Bean and carrot patties
Preparation time: 15 mins + cooling time
Cooking time: 35-40 mins
1 onion, finely chopped
15ml (1 tbsp) vegetable oil
2 cloves garlic, crushed
450g (1lb) carrots, trimmed, washed and roughly chopped
5ml (1tsp) ground cumin
5ml (1tsp) ground coriander
200ml (7floz) vegetable stock
salt and freshly ground black pepper
1 (14oz) can mixed or red kidney beans, drained
75g (3oz) fresh wholewheat breadcrumbs
3tbsp chopped fresh coriander
a little spray olive oil or olive oil to brush
rolls and salad leaves to serve
225g (8oz) white cabbage, stalk removed
225g (8oz) carrots, washed
half a small onion, finely chopped
4tbsp virtually fat free mayonnaise
4tbsp low fat natural yoghurt
2tsp Dijon mustard
1. Heat the oil in a large pan, add the onion and saute for 2 mins. Add the garlic, carrots, cumin and coriander and stir for 1 minute. Pour in the stock, season well and bring to the boil. Cover and simmer for 10-15 mins or until the carrots are tender. Leave to cool.

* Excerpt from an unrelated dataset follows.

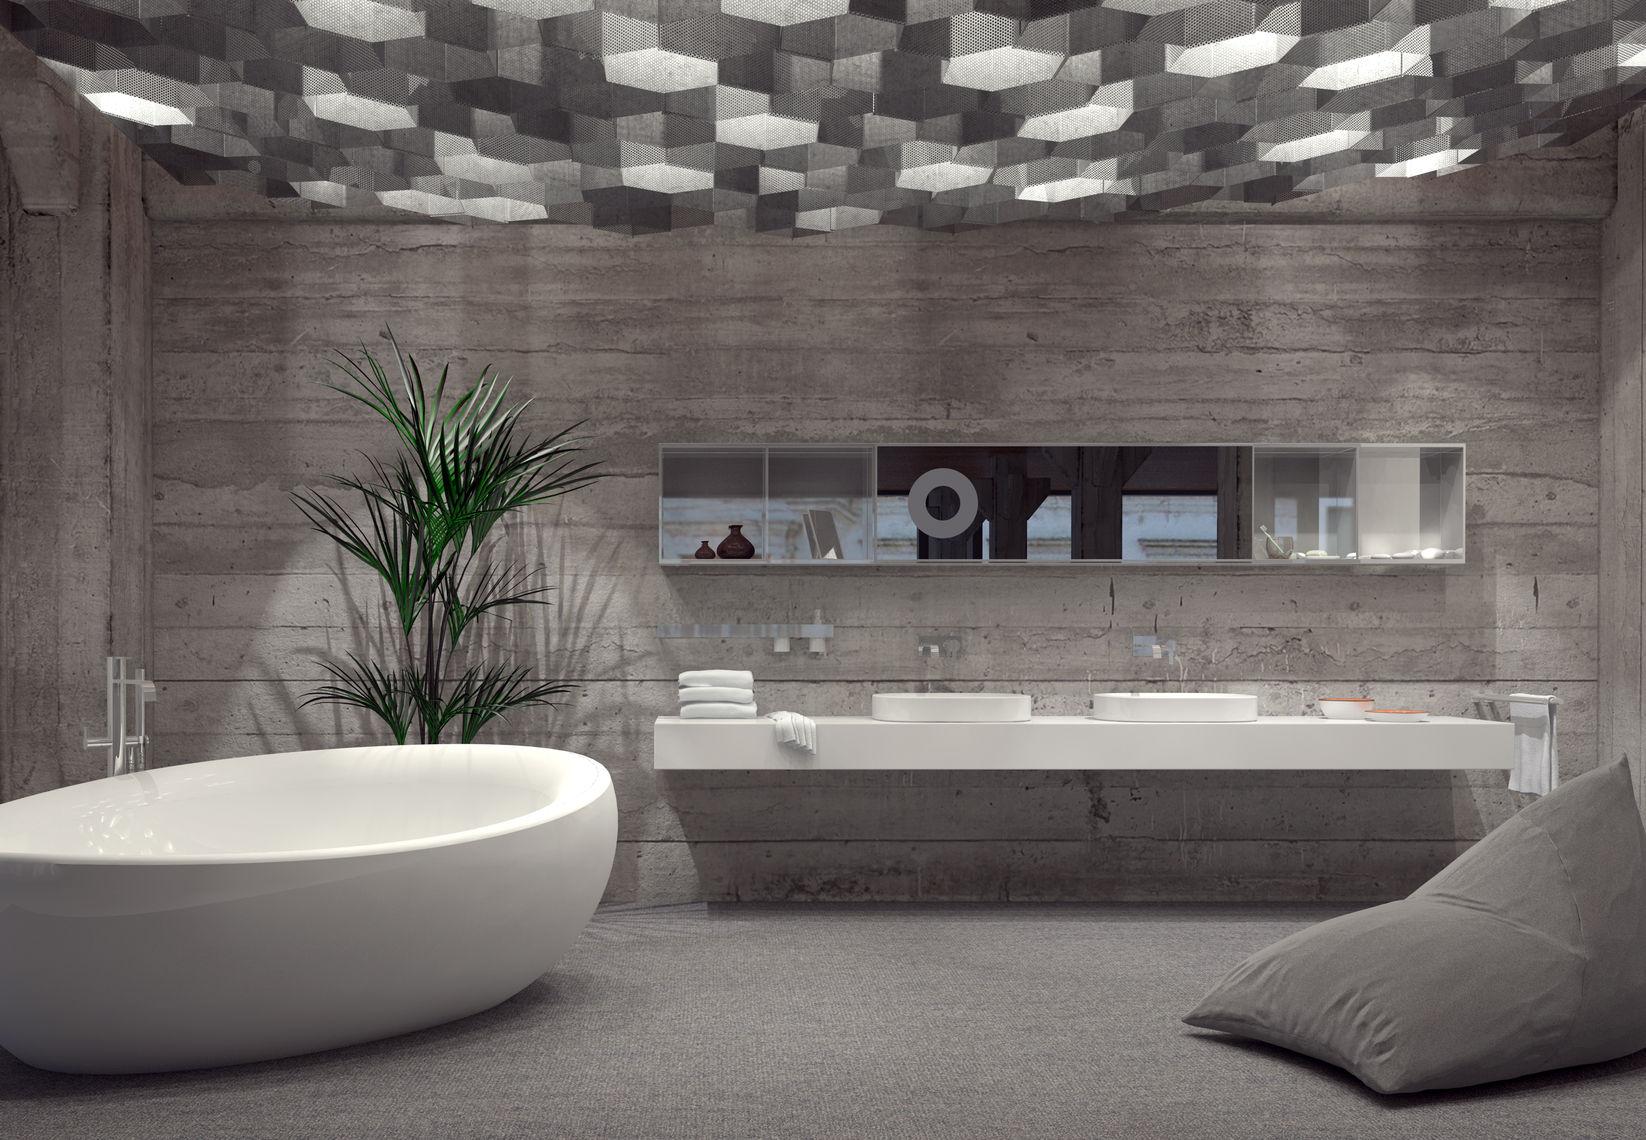 Une nouvelle salle de bain pour se relaxer ? Recevez des devis de plombiers sous 48h !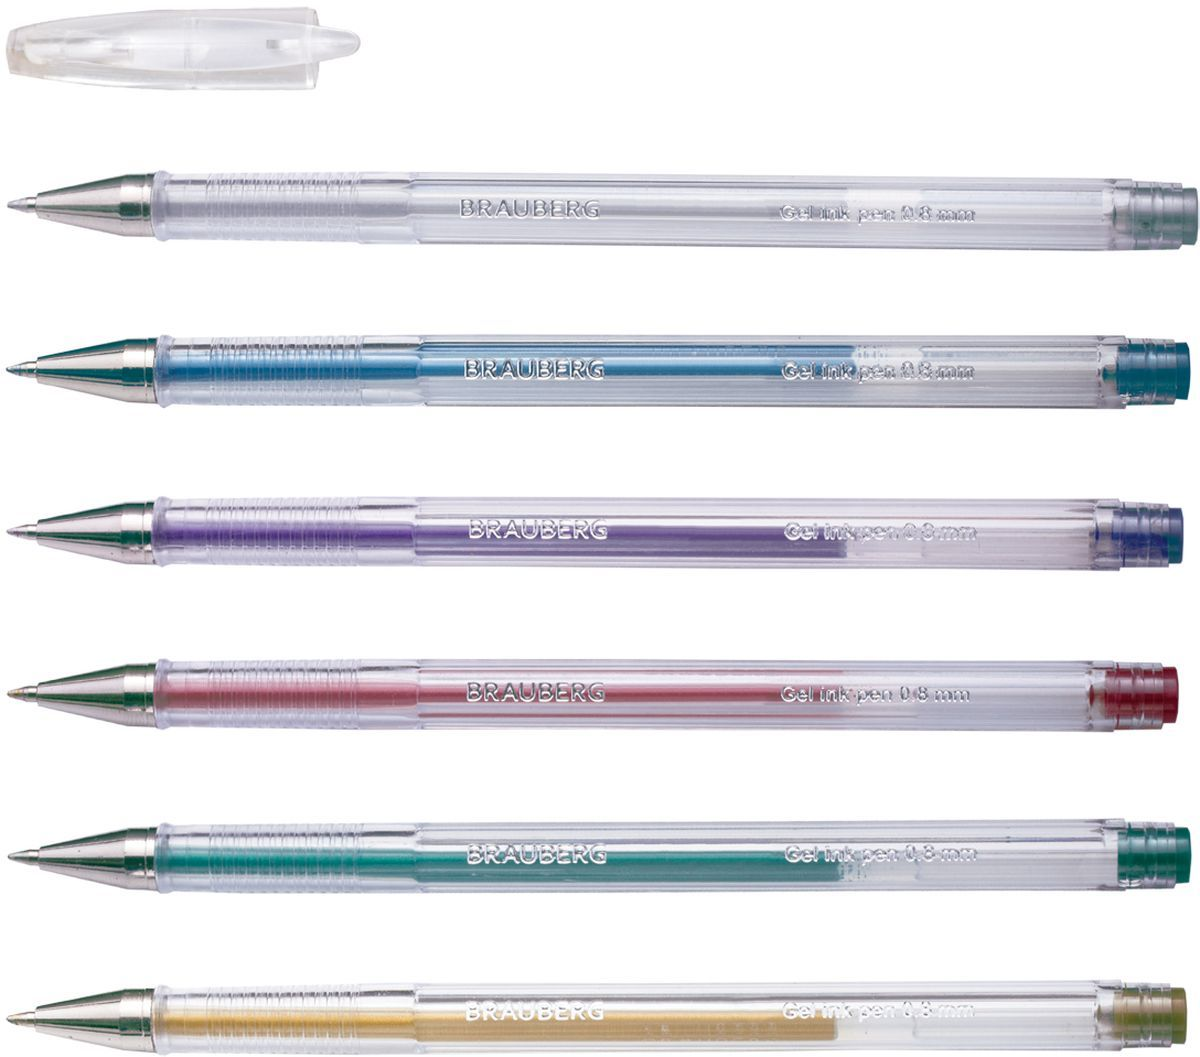 Brauberg Набор гелевых ручек Jet металлик 6 шт141029Набор Brauberg Jet включает в себя гелевые ручки ярких, запоминающихся, необычных цветов. Рекомендован для детского творчества. Ручки упакованы в мягкий пластиковый футляр.

2. Drain the liquid from the carrots. Then use a potato masher to mash them until lump free. Add the drained beans and mash again until a rough mash is formed. Stir in the breadcrumbs and coriander. Mix well and adjust the seasoning to taste.
3. When cold, divide the mixture into six then use wet hands to shape each piece into a round pattie about 2.5cm/1in thick. The patties can be chilled at this point if you’re not serving them straight away.
4. Preheat the oven to 220oC/ R7 and put a large baking sheet in to preheat. Spray or brush a little oil on both sides of the patties then place them on the hot baking sheet. Bake for 20-25 mins or until pale golden.
5. To make the coleslaw, finely shred the cabbage, coarsely grate the carrots and mix together in a large bowl with the onion. Add the mayonnaise, yoghurt and mustard and mix thoroughly. Chill until required. If liked serve patties in a toasted bun with the coleslaw.
This recipe is suitable for freezing. At the end of step 3, place the patties on a paper lined baking tray and freeze until solid. Wrap in bags then freeze for up to 3 months. Thaw in a single layer on a baking tray before cooking as above.